We’re losing our local writers

By Joe Rector

Local writers have been on my mind. That’s because the Knoxville community recently lost one of its best, David Hunter. He’s just one of the writers who has either passed or whose parts in daily news have diminished over the years.

David Hunter and I met at a Knoxville Writers’ Guild get together some years ago. He was a long-standing columnist, and I was barely getting my feet wet back then. Our friendship strengthened as we talked and learned that a special bond united us. David spent part of his youth in Lonsdale. My dad worked at Southern Extract, a pollution-puking plant that produced paper and cardboard in the community. Additionally, my grandparents lived in Lonsdale.
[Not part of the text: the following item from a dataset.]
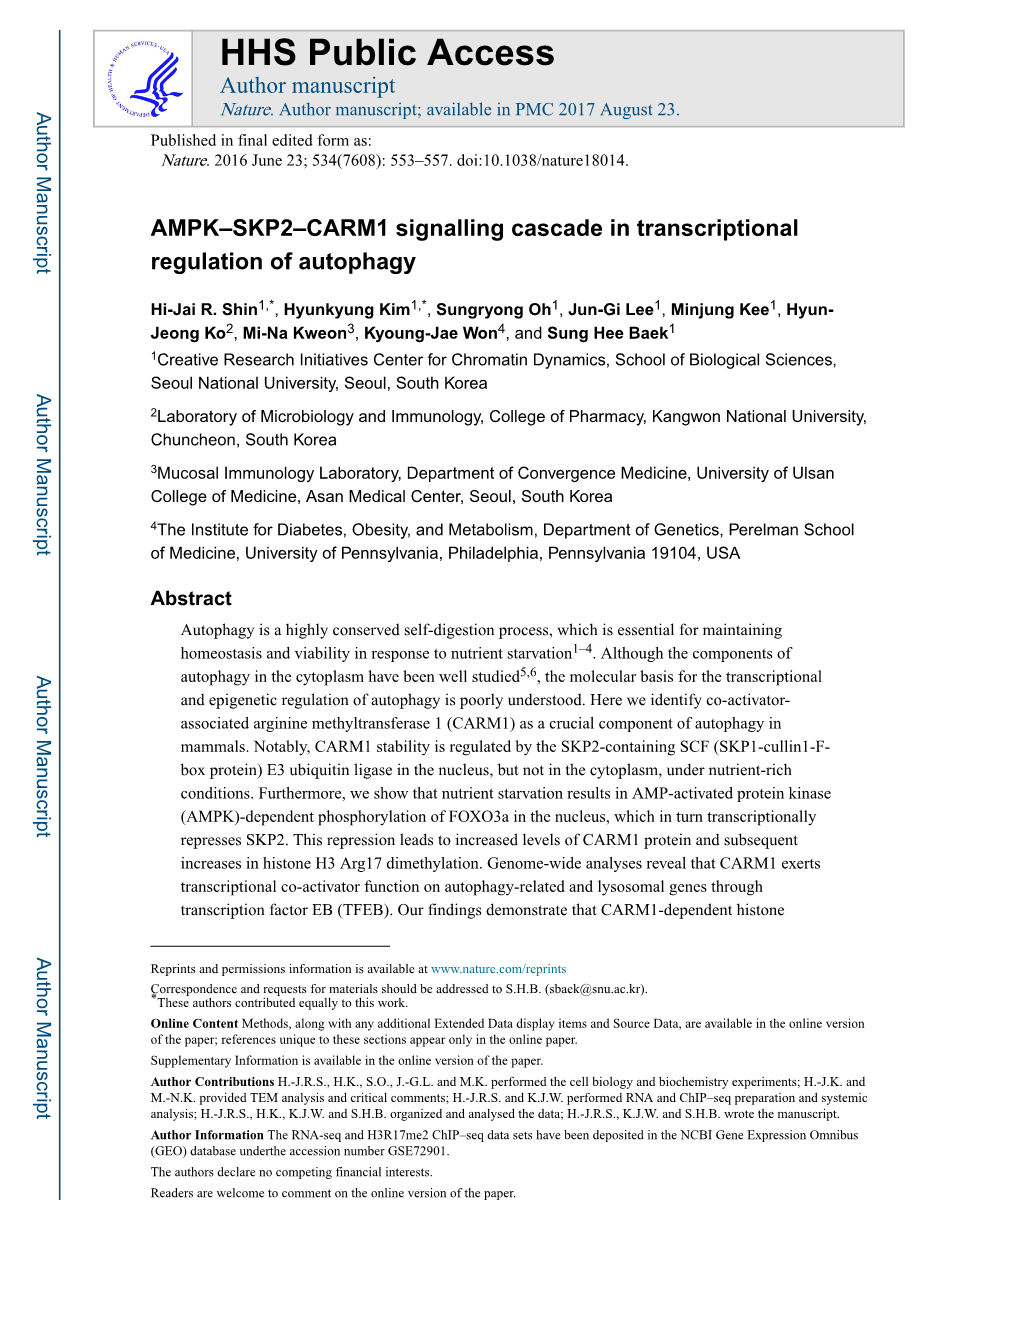 AMPK–SKP2–CARM1 Signalling Cascade in Transcriptional Regulation of Autophagy

David used his years on the police force to help write fiction crimes books. He also wrote a column for the Knoxville News Sentinel for 23 years. The books were true “page turners” that captivated his reading audiences. My favorite pieces were his columns, which covered a variety of topics. Some were on religion, some were on man’s duty to others, and some were moments of reliving life as a boy.

The newspaper is a fickle business, and for some reason, the Sentinel chose to drop David’s column. Suddenly, something as important as the comics or crossword puzzle was missing. I talked to him about it, but he chose to share little about the subject. Instead, he posted some of his writings on other sites. Still, the Knoxville community was bewildered at the disappearance of David’s work.

A few years before David left the paper, Don Williams lost his weekly column. Don’s always been an individual who speaks his minds and stands by his principles. In this case, that dedication to the truth, or refusal to adhere to the paper’s direction, sent Don packing. He’s written several books, gee-hawed New Millennium Writings, and loved and supported his family and his mom.

I met Don when I took a class he offered for fledgling writers several years ago. Most of my stuff was like this column, but I also stretched to write short stories, books, and one poem. Don always offered quality analyses with touches of kindness so as not to crush fragile writers’ egos. The friends I met in those classes still are a part of my life, even if I don’t see them as often. Folks like Lucy, Maryanne, Bob worked with Don to improve their skills and are thankful to him for sharing his knowledge.

Ina Hughs was kind to me. She didn’t know me well but kindly reviewed my book Baseball Boys. Just a blurb in her column was a win to me. Ina had the best sense of humor, one akin to my mother’s. She was a no-nonsense, tell-it-as-it-is person who feared no one. From the 1970’s until she was let go in 2018, Ina gave those of her generation a sense of connection. I miss her sorely.

I might be wrong, but another local writer, Sam Venable, might be the next to go. At one time, Sam was splashed across the sports section and prominently placed in the editorial section. However, these days, it seems that Sam’s writings are stuffed in the strangest of places. Perhaps those who own the paper fail to appreciate good Tennessee boy humor; perhaps they don’t have a sense of humor at all. What is abundantly clear is that they don’t understand the need of readers to consume local news, local folklore, and local features.

I send my deepest sympathies to the family of David Hunter. Thank you for sharing him with us for so many years. I am lucky to be able to write for a paper that is more tolerant. If you have enjoyed local writers, drop them a line while they are here to let them know how much their work means to you. Tell them which piece you liked best or tell them what you learned. They will appreciate it. David, don’t quit the work even in heaven.